Pair this delicious recipe with a luscious, white dessert wine like the Barboursville Vineyards Passito from Virginia, a Sauternes from Bordeaux or an Italian Moscato d’Asti!

Ingredients

  • 1 Tablespoon unsalted butter, room temperature
  • 1/3 cup plus 1 Tablespoon granulated sugar
  • 3 extra-large eggs, room temperature
  • 6 Tablespoons all-purpose flour
  • 1 1/2 cups heavy cream
  • 2 teaspoons pure vanilla extract
  • 1 teaspoon grated lemon zest (1 lemon)
  • 1/4 teaspoon Kosher salt
  • 2 Tablespoons pear brandy such as Poire William
  • 2-3 firm but ripe Bartlett pears
  • Confectioners’ sugar

Instructions

  1. ) Preheat oven to 375 degrees.
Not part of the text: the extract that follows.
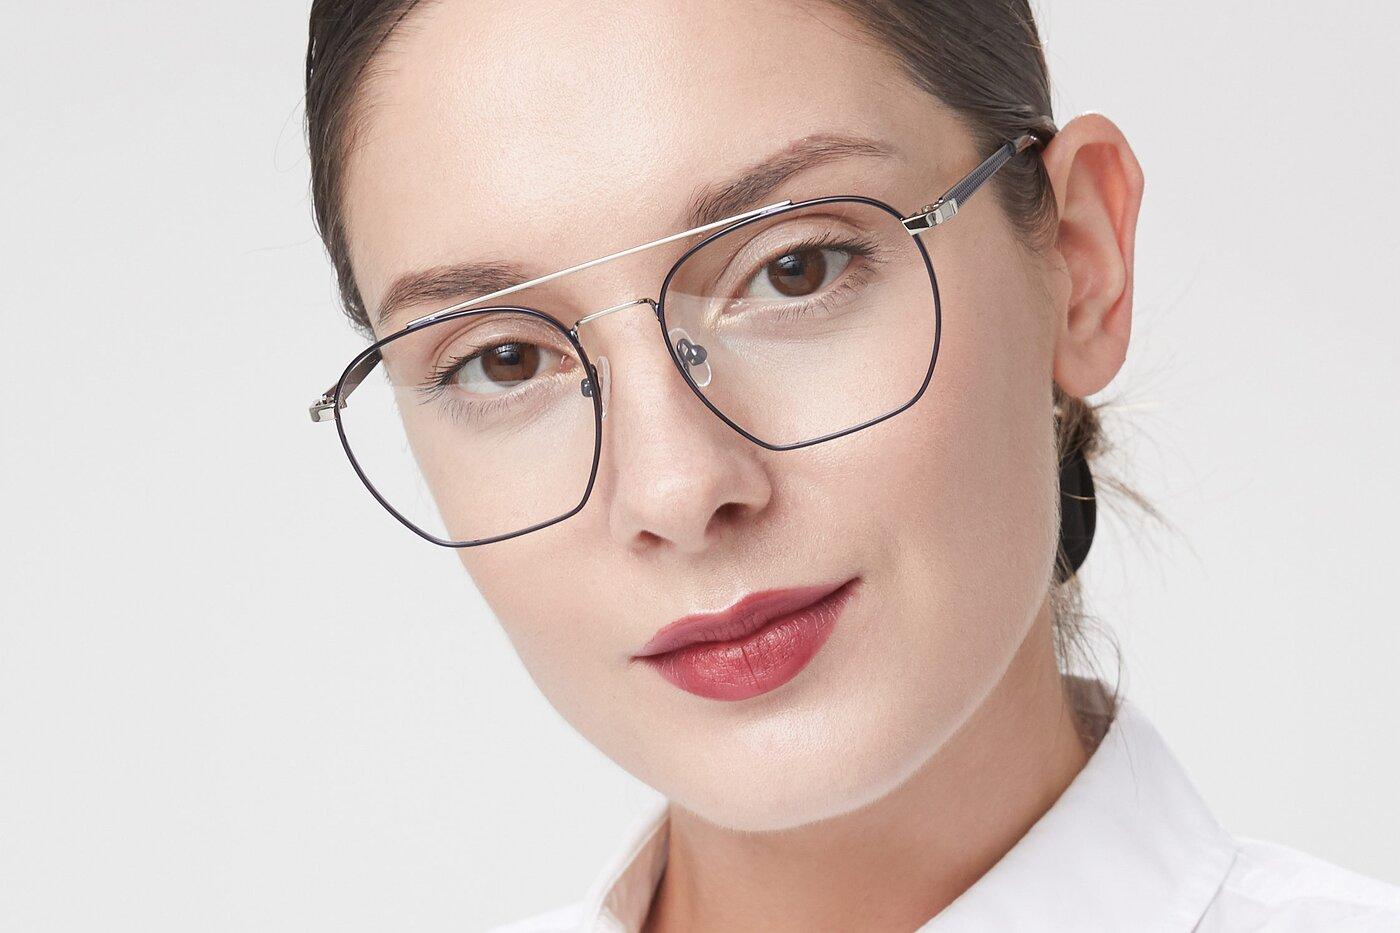 Blue-Silver Narrow Hipster Oversized Eyeglasses

Butter a 10 x 1 1/2-inch round baking dish and sprinkle the bottom and sides with 1 Tablespoon of the granulated sugar.
  2. ) Beat the egs and the 1/3-cup of granulated sugar in the bowl of an electric mixerfited with a paddle attachement on medium-high speed until light and fluffy, about 3 minutes. On low speed, mix in the flour, cream, vanilla extract, lemon zest, Kosher salt and pear brandy. Set aside for 10 minutes.
  3. ) Meanwhile, peel, half, core and slice the pears. Arrange the slices in a single layer, slightly fanned out in the baking dish. Pour the batter over the pears and bake until the top is golden brown and the custard is firm, 35-40 minutes. Serve warm or at room temperature, sprinkled with confectioners’ sugar.